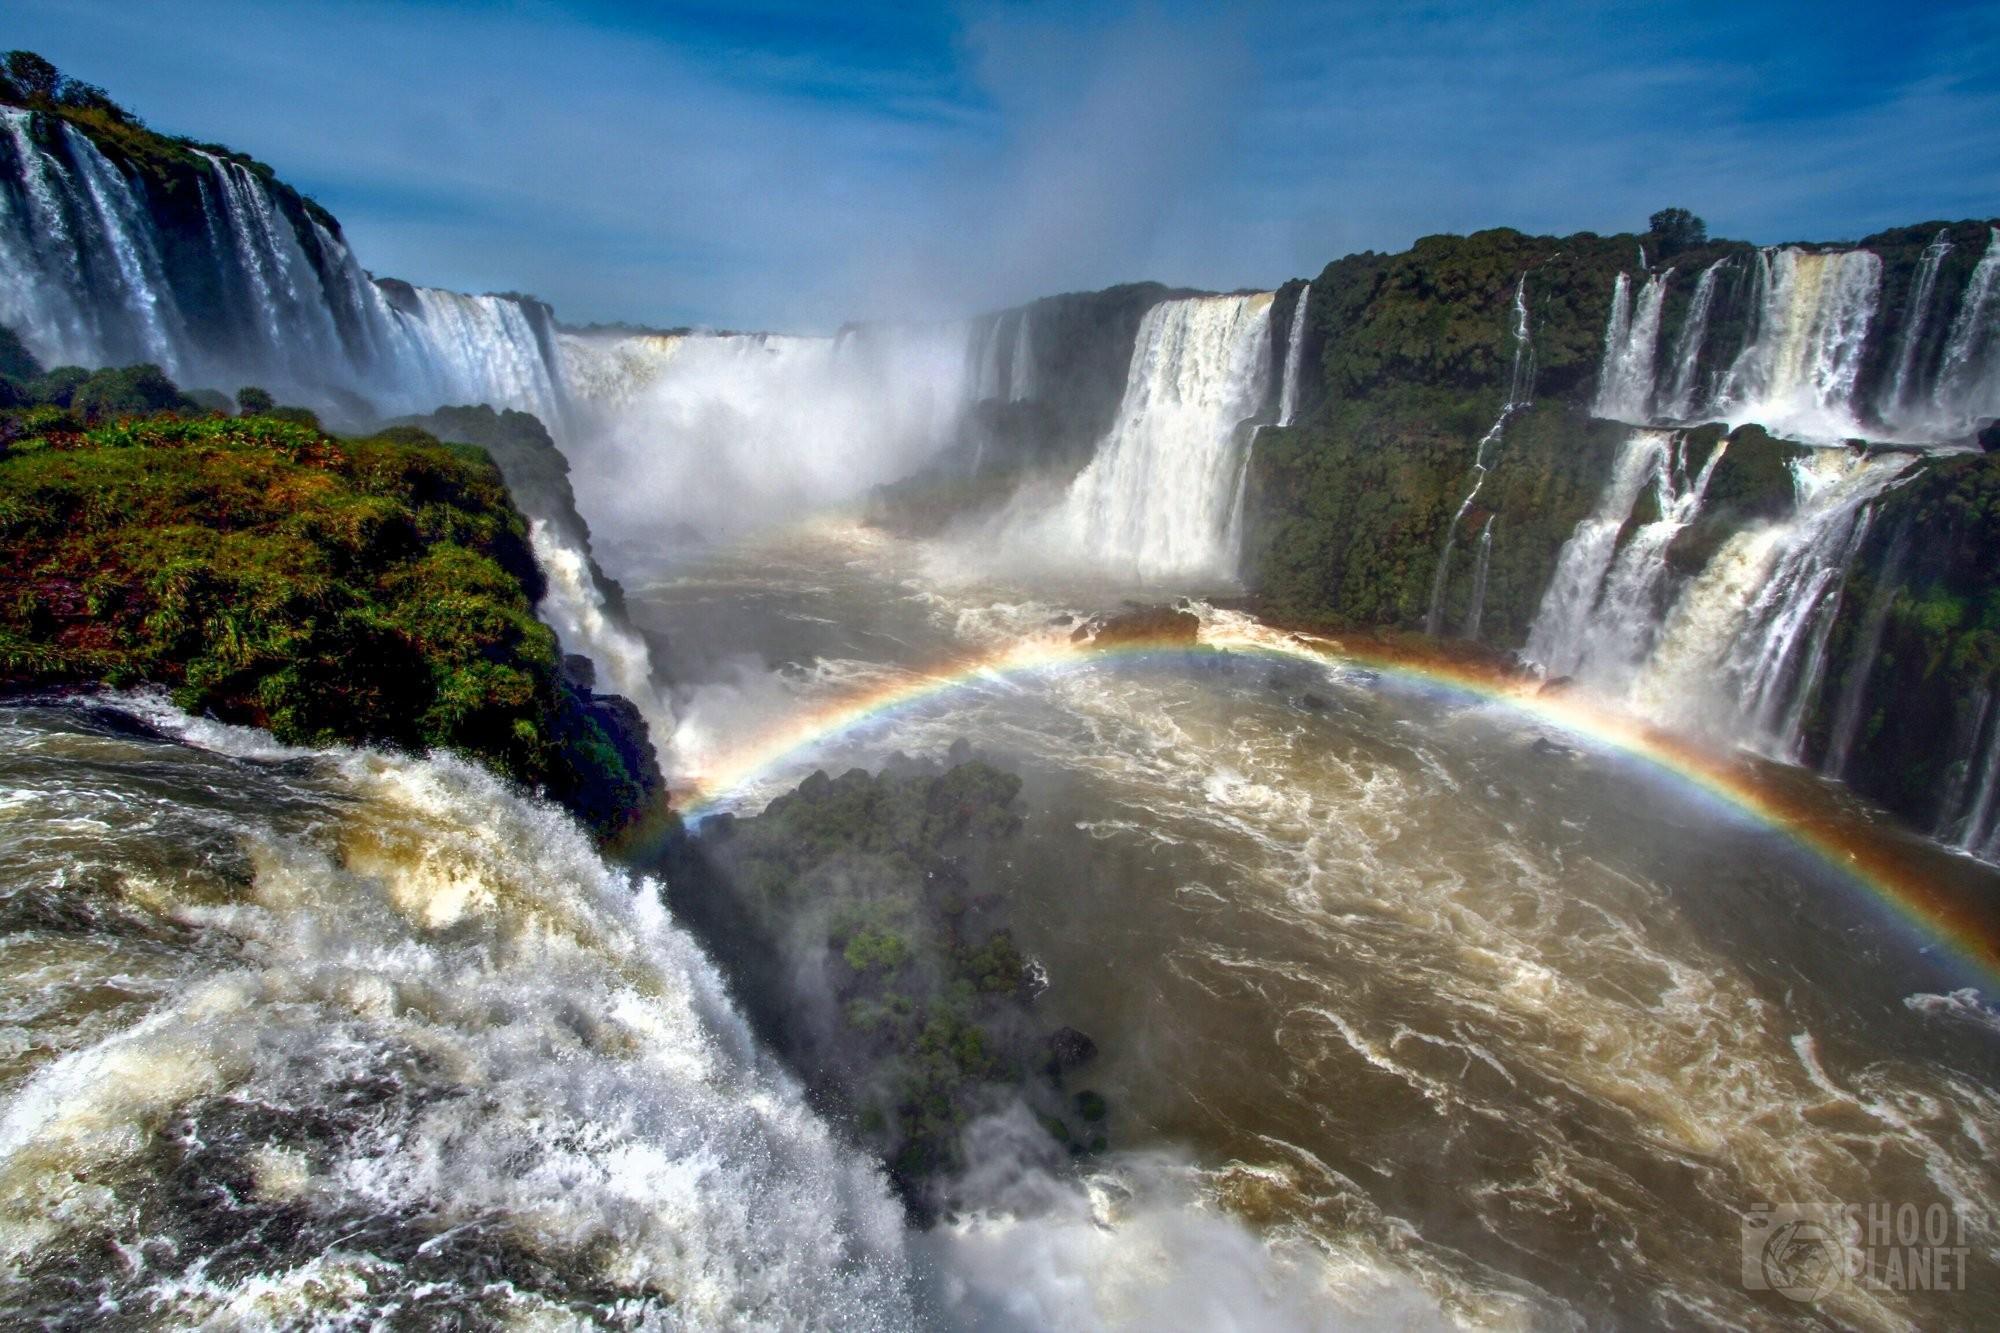 Iguazu Falls cataracts and rainbow, Brazil
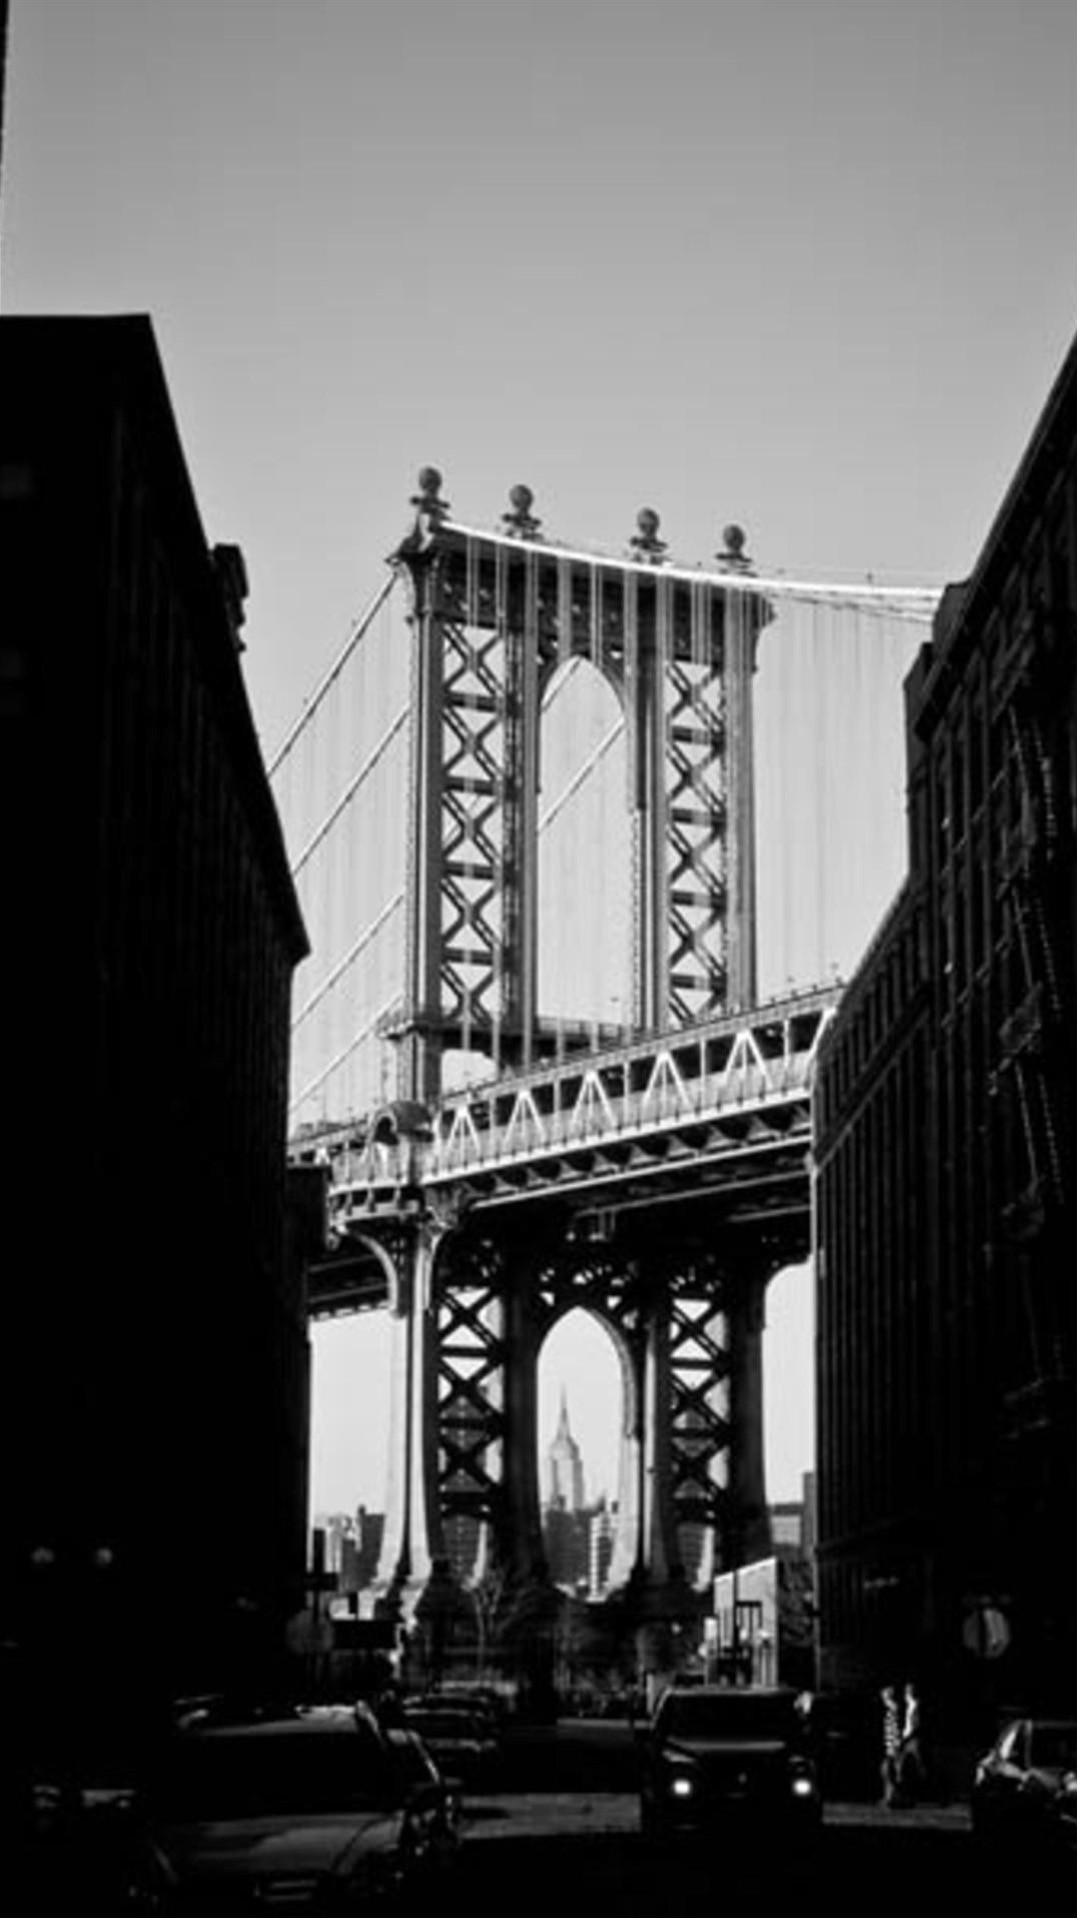 1080x1920 Manhattan Bridge New York Black And White Android Wallpaper
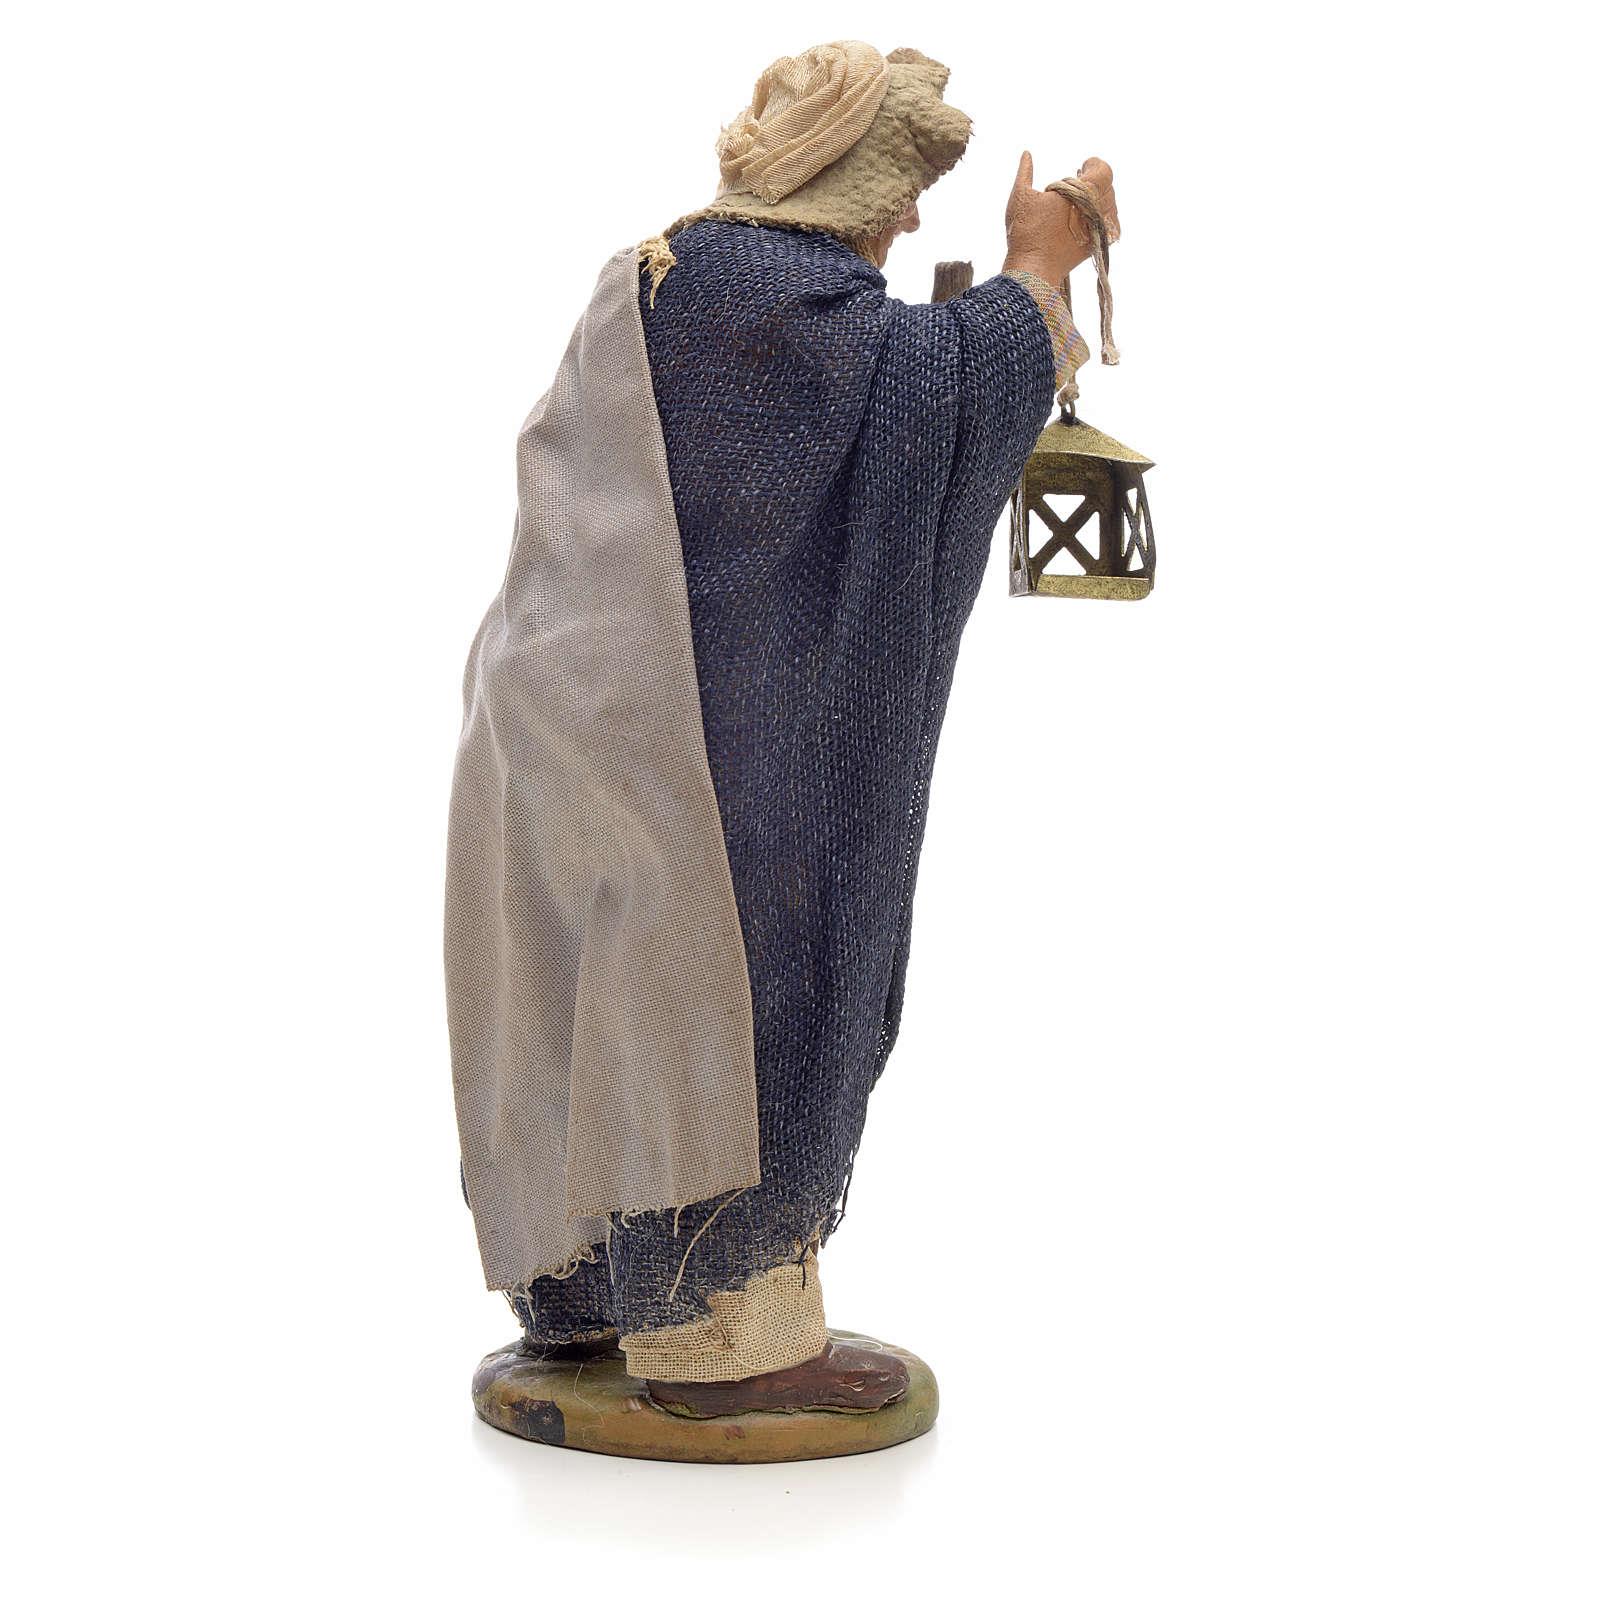 Uomo con lanterna e bastone 14 cm presepe Napoli 4

> [INSTRUCTIONS FOR THE TASK]: Leave out the pictures and copy the rest of the material above exactly.

> [EXERCISE RESULT]:
 Iguazu Falls cataracts and rainbow, Brazil
 1080x1920 Manhattan Bridge New York Black And White Android Wallpaper
 Uomo con lanterna e bastone 14 cm presepe Napoli 4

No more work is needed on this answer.